Bees and butterflies struggle to find flowers in polluted air

Tailpipe emissions from cars and trucks makes it harder for pollinators to find food

a close-up photo of a grey and white butterfly sipping nectar from yellow flowers

This butterfly is sipping nectar from flowers on a black mustard plant. Pollution makes it harder for butterflies and bees to find nectar and pollinate flowers.

Philip Stewart/iStock/Getty Images Plus

Lacking a nose, insects such as butterflies and bees use their antennae to detect scents. Those scents help them find food and more. What happens, though, when air pollution overwhelms the scents on which these critters depend? Those insects become less likely to visit a flower or to pollinate it. That’s the finding of a new study.

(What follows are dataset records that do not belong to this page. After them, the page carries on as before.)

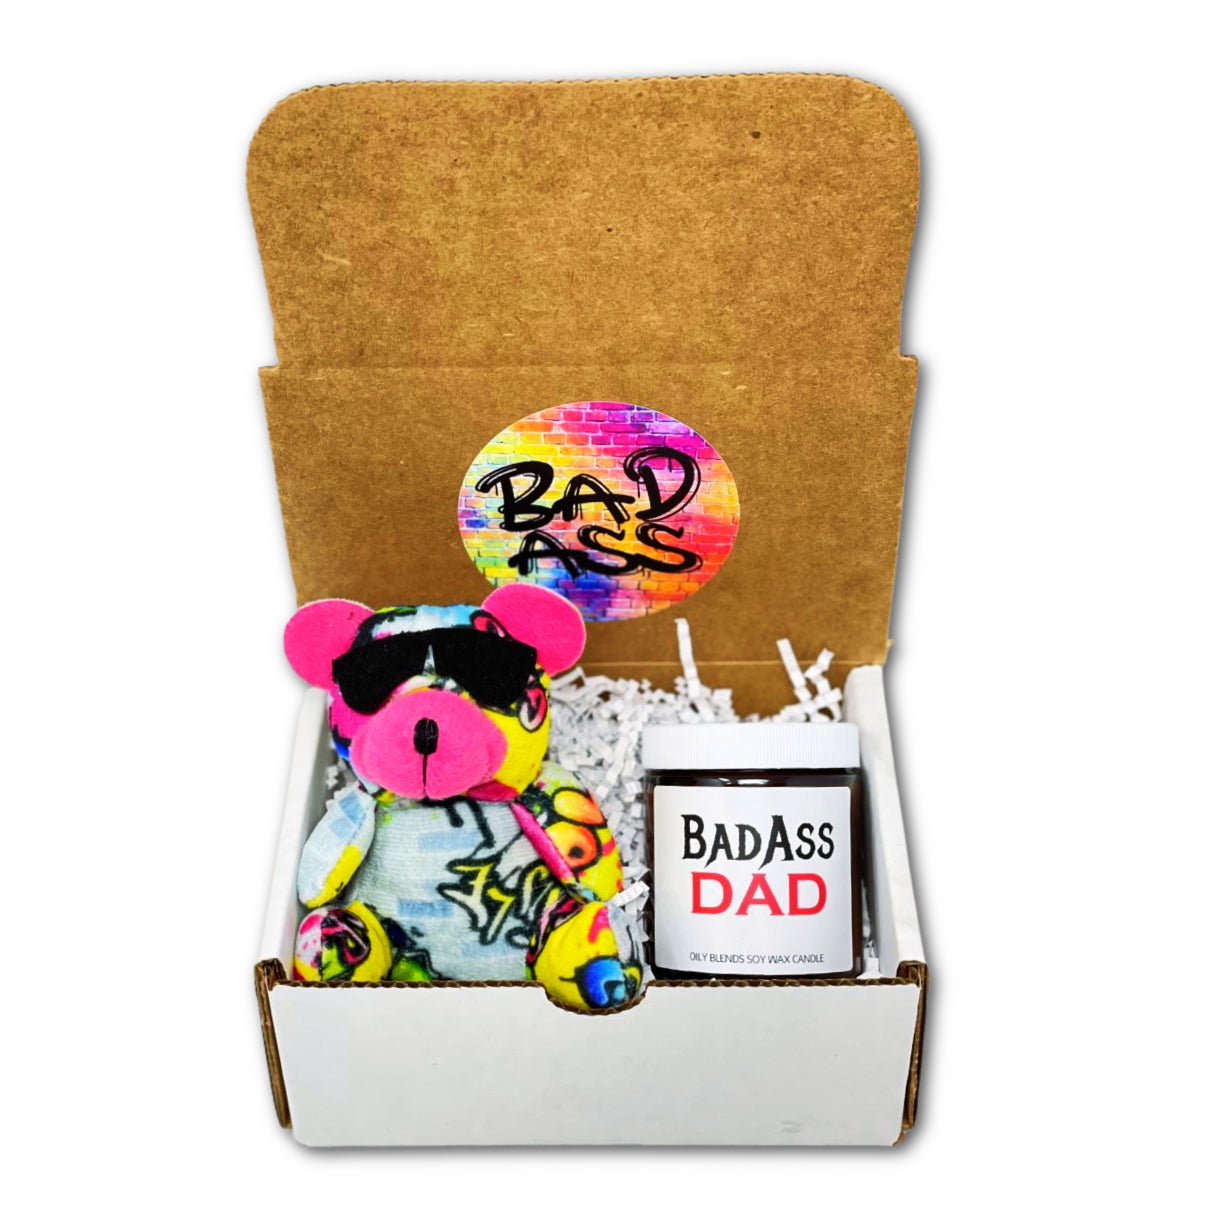 Bad Ass Gift Sets - Includes candles and badass plush - Spellbound
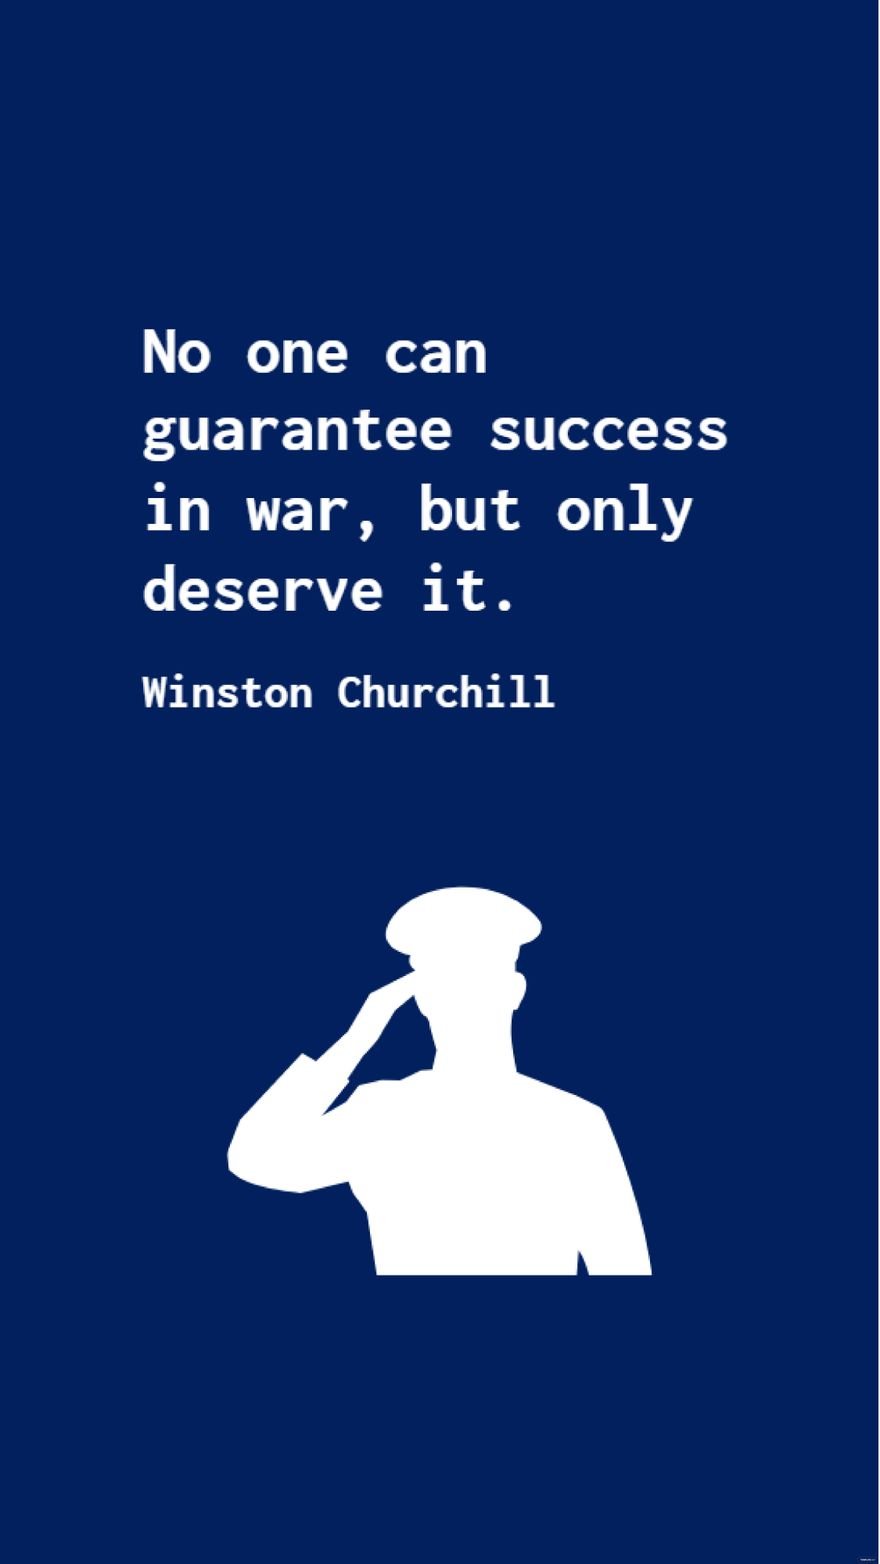 Winston Churchill - No one can guarantee success in war, but only deserve it.
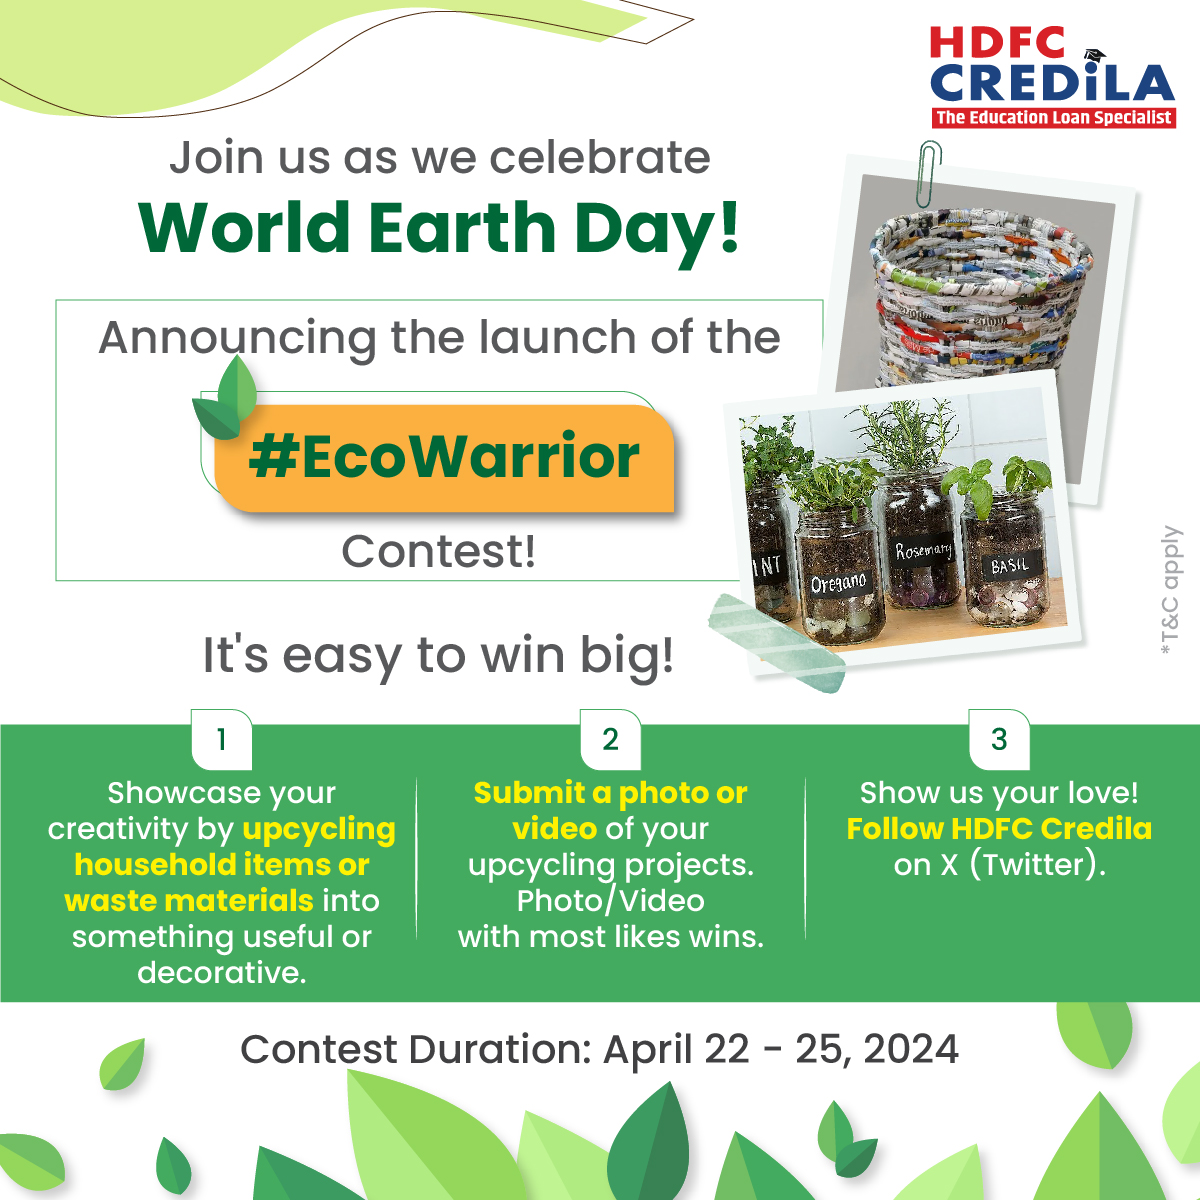 Win an Amazon e-voucher of ₹1,000! Participate now! 

*T&C apply bit.ly/3UtjhLJ

#HDFCCredila #HDFCCredilaContest #EcoWarrior #WorldEarthDay #WorldEarthDay2024 #EarthDay #Earthday2024 #Contest #PhotoContest #VideoContest #ContestAlert #ContestTime #GiveAway…
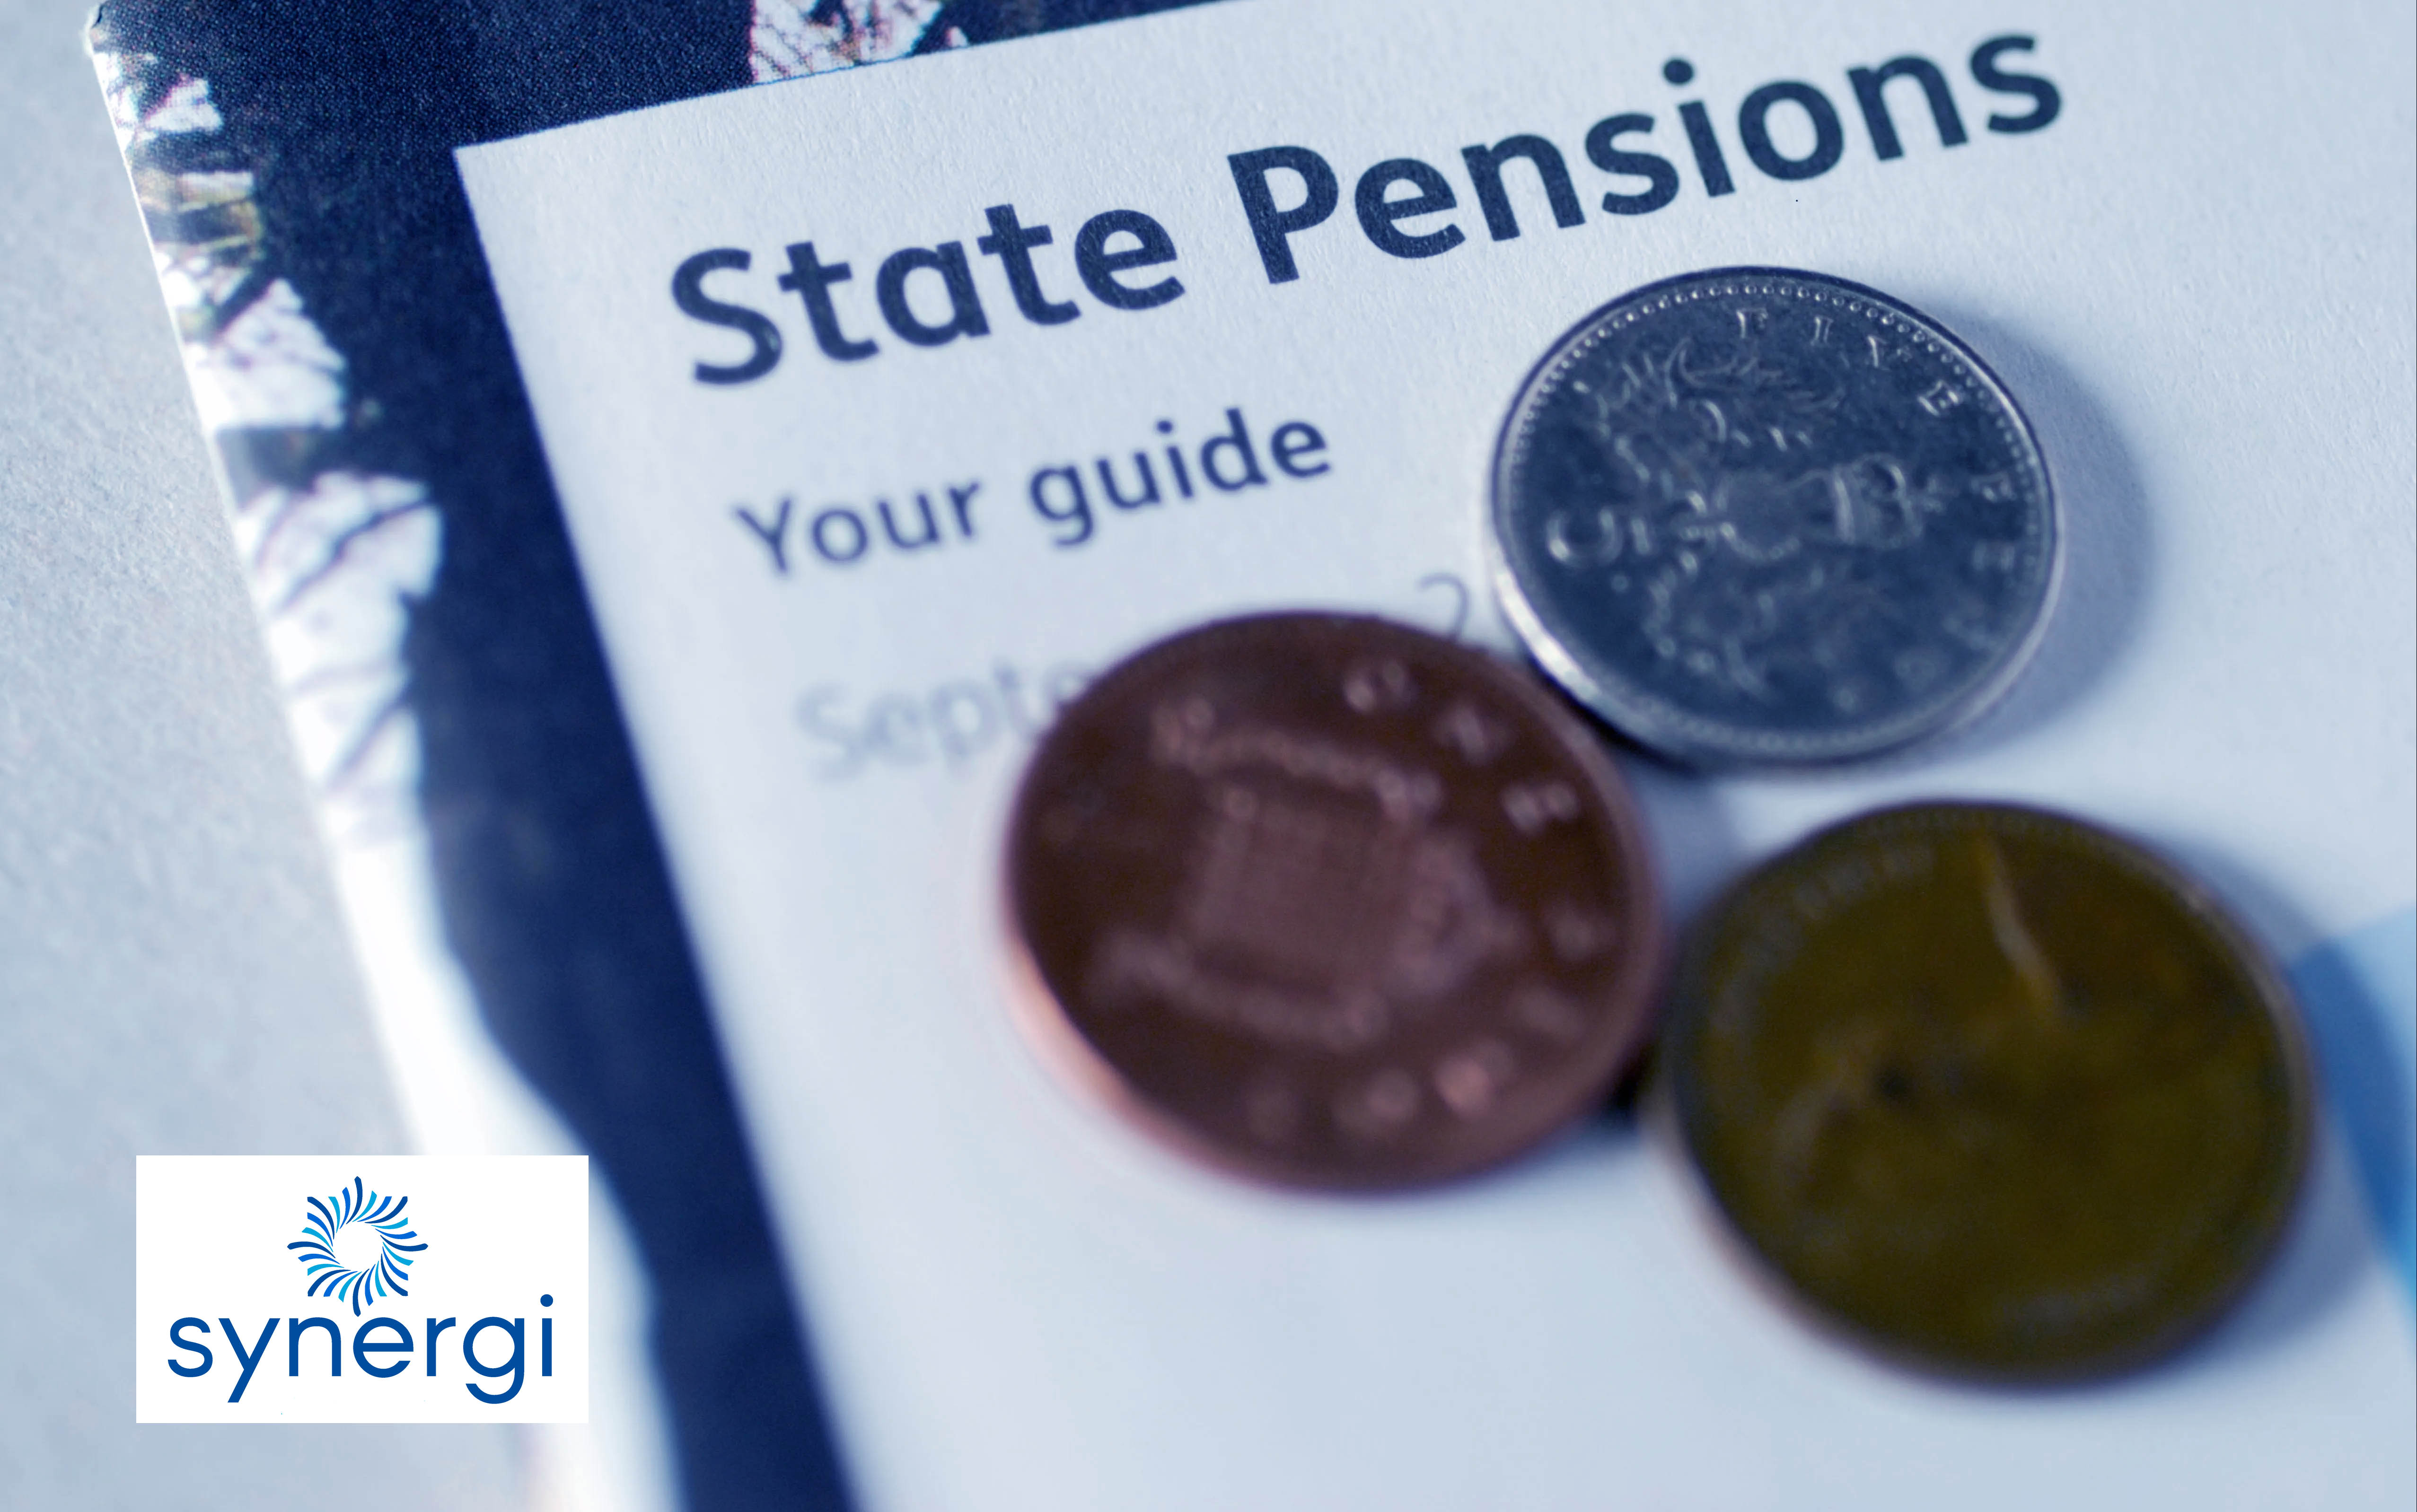 State Pension Changes – Quick giude

People depend on insects to pollinate the plants that make many of the fruits, nuts and vegetables we eat. Past studies had shown urban air pollution might mask the scents insects use to find flowers. For instance, ozone — an ingredient in smog — can break down the scents released by flowers. Computer models predicted this would cause problems for insects seeking flowers for a meal. But scientists weren’t sure that would happen in real life. 

James Ryalls and his team decided to find out if it would.

Ryalls is a biologist at the University of Reading in England. Working in a field of black mustard plants, his group crafted a system made up of rings eight meters (26 feet) in diameter. Each area was open, so nearby insects could fly into it. The researchers pumped pollutant gases into these rings. Two rings received diesel fumes. Two more got ozone. Another two got both gases. A final pair of rings was a control and received no added gases.

The tests took place over two summers. During each field season, the scientists counted how many times insects visited the flowers in each ring.

“The results were much more severe than we thought,” Ryalls says. Adding both the diesel exhaust and ozone pollution “caused up to 90 percent less insects to be able to find the flowers that they need for food,” he says. This was in comparison to the pollutant-free rings. In some cases, only some 30 percent of the pollinating insects even entered the circles with piped in pollution.

This surprised the scientists. Levels of the gases being brought in were comparable to what might be found near normal road traffic. The test levels in these fields were actually lower than legal limits in England.

The team shared its findings in the March issue of Environmental Pollution.

a photo of a grassy field on a sunny day. there are several sections of the field cordoned off with wooden stakes and black tubing
This is one of the test rings into which the researchers piped in pollutant gases. Those gases reduced insect visits, which had a dramatic impact on flower pollination.Neil Mullinger

An engineering challenge

Counting insects proved easier than getting the pollution into the rings, notes Ryalls. “Instead of being a research scientist, for two years I was more of a part-time engineer.” He spent much of his time working on parts of the system that needed fixing. Along the way, diesel spills occurred. “By the end of each summer experiment I smelt like a petrol station,” he says. One effect: “Insects now avoid me.”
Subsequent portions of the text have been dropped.